Therefore, we need to fallback to ask BIRD to not export the route to
AS 64600, 64610 and 64630 on 64620
. We could use a special community
to filter out the route but we keep it simple and just filter the
route directly.
filter keep_local_dns { if net ~ [ 2001:db8:aaaa::/48 ] then reject; accept; } protocol bgp { description "BGP with peer NewYork"; local as 64620; neighbor 2001:db8:ffff:4600:4620::1 as 64600; gateway direct; hold time 30; export filter keep_local_dns; import all; }
Voilà. Only C4
will be able to query L1
. If AS 64621 is missing,
it will query G2
instead. One major point about anycast is to know
that redundancy is done at the AS level only.
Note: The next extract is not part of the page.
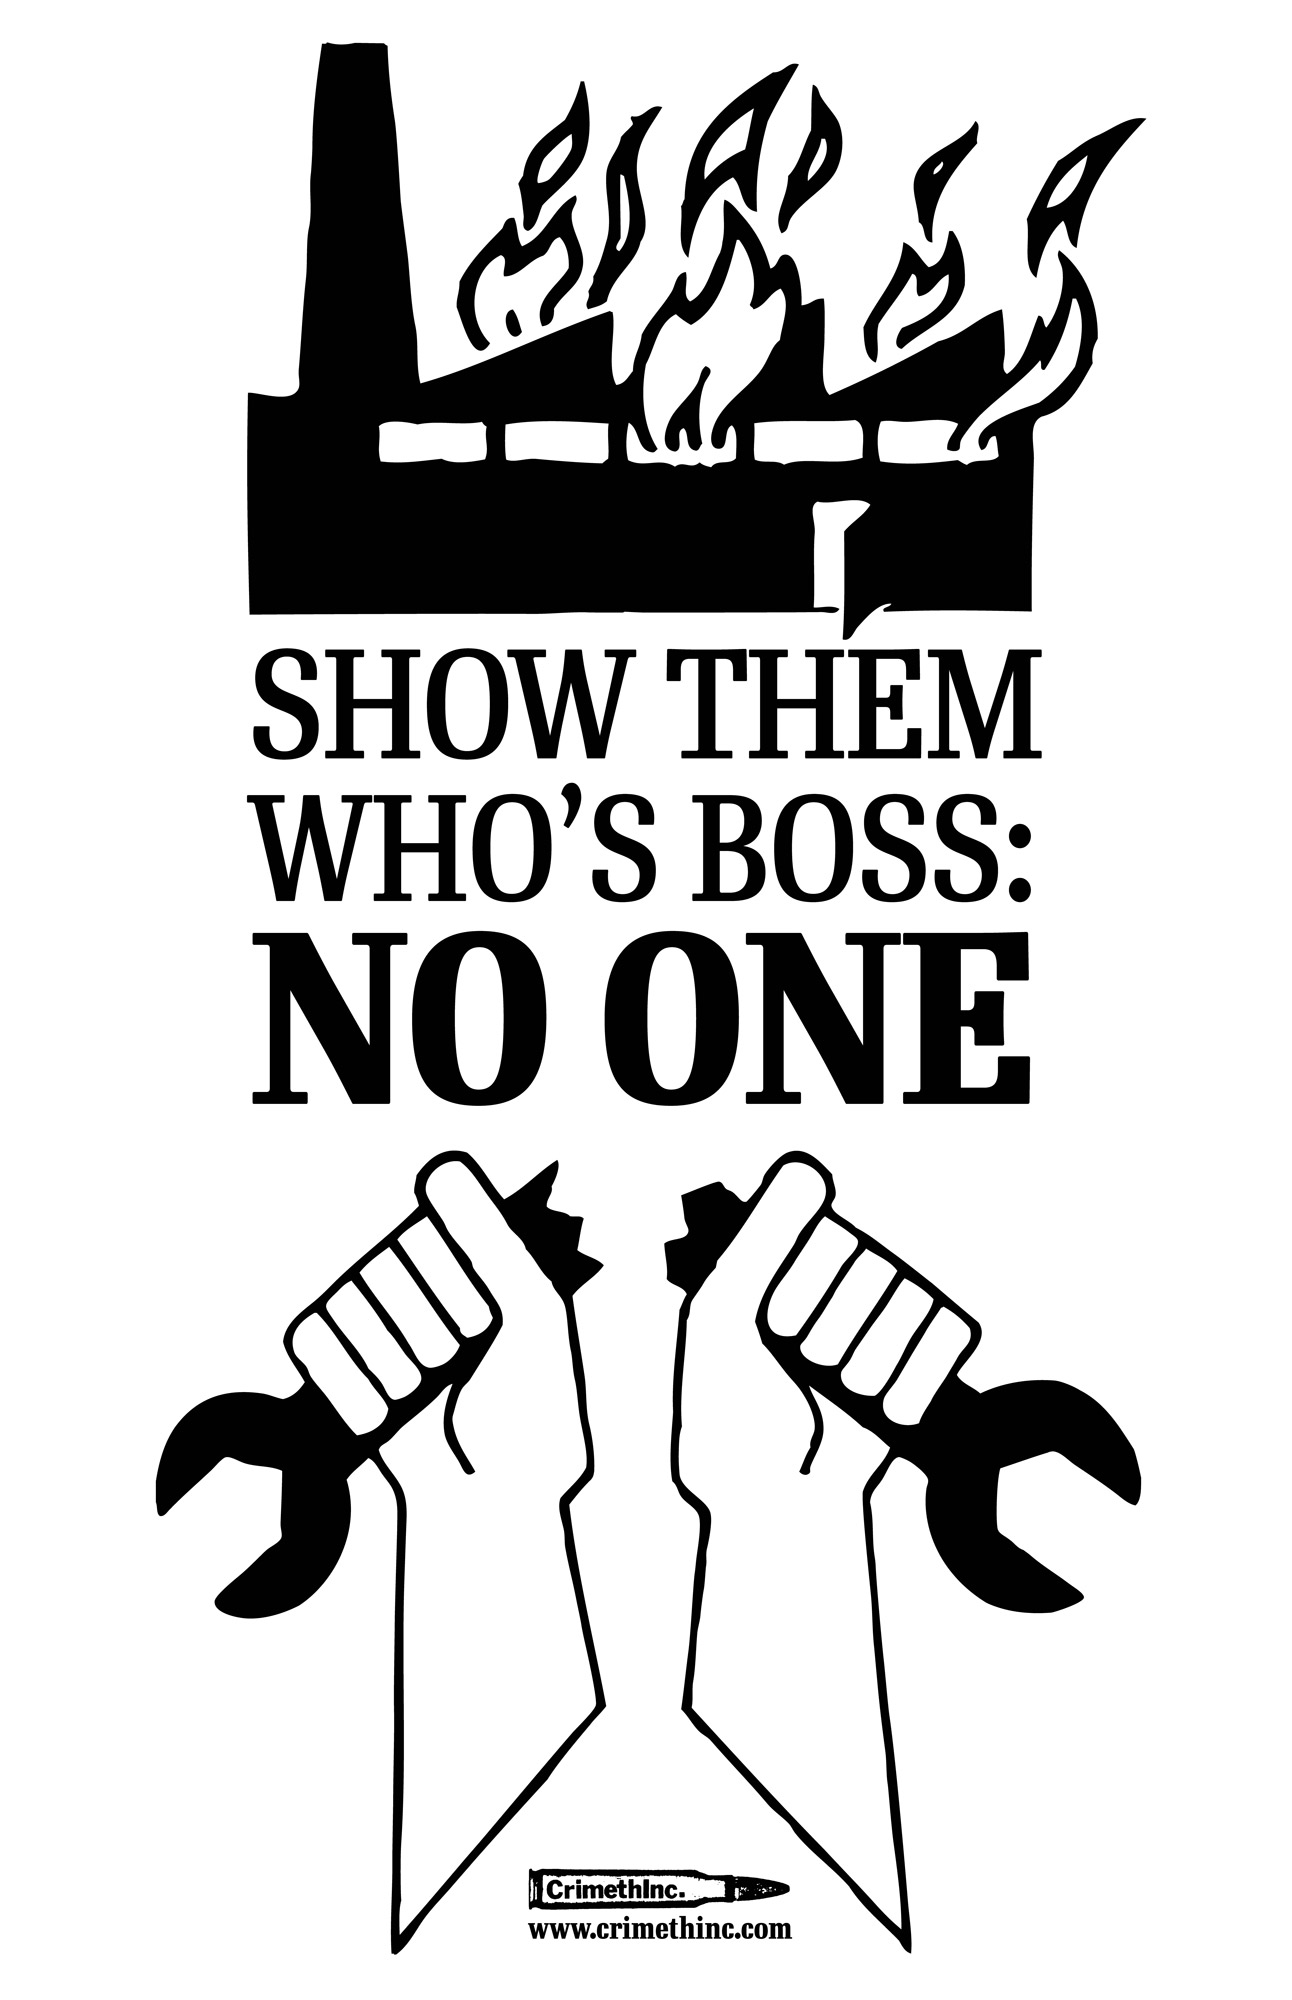 Photo of ‘Show Them Who's Boss: No One’ front side
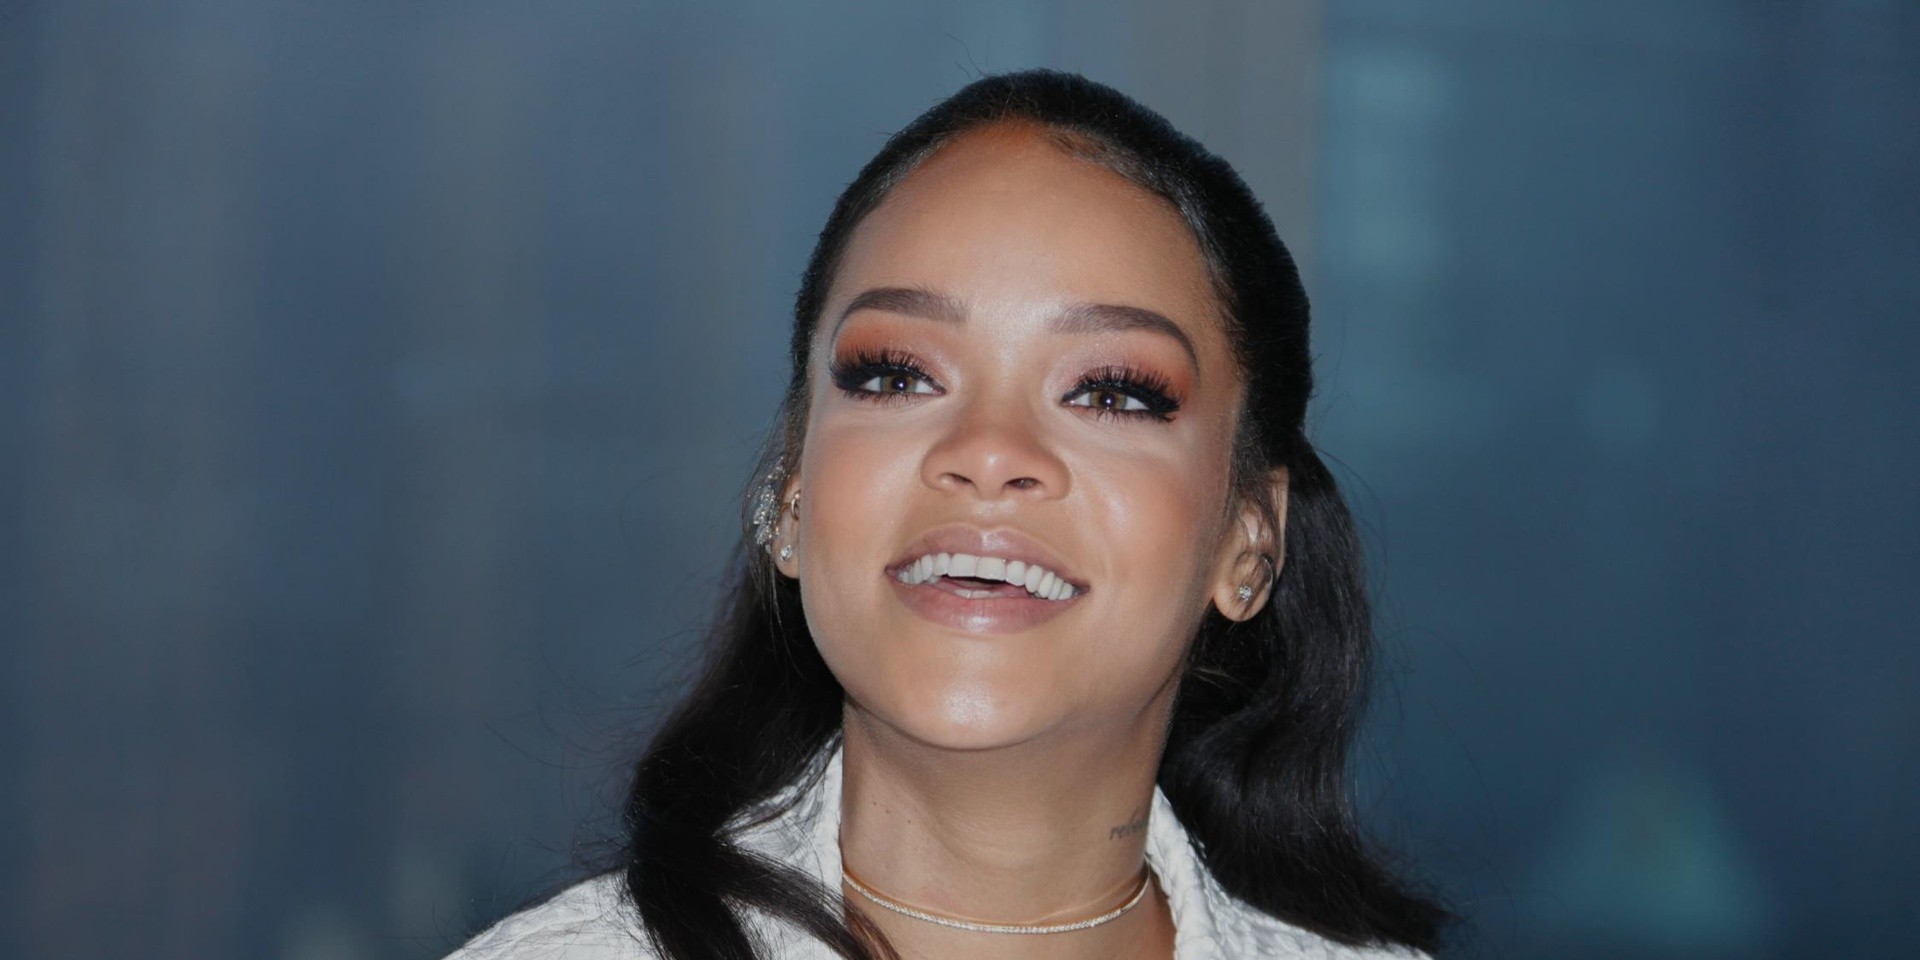 Rihanna will release a self-titled book that includes over 1000 photographs

If the name server on
L1
does not work correctly, requests will still be routed to
it. Therefore, with anycast, you still need to provide redundancy
inside each AS (or stop advertising the anycast network as soon as
there is a failure).
Beyond DNS#
Anycast can be used to serve HTTP requests too. This is less commonly used because your connection may be rerouted to another node while it is still running. This is not a problem with DNS because there is no connection (you send a query, you receive an answer). There are at least two CDN (MaxCDN and CacheFly) which uses anycast to ensure low roundtrip time and very high reliability.
Setting up an HTTP server with an anycast address is no different than setting up a DNS server. However, you need to ensure maximum stability of the routing path to avoid the connection to be dropped while running. I suppose that this is done by hiring some high-level BGP expert. You can also mix unicast and anycast:
- anycast DNS answers the IP address of a nearby unicast HTTP server; or
- anycast DNS answers the IP address of an anycast HTTP server that will issue a redirect to a unicast HTTP server when downloading or streaming large files.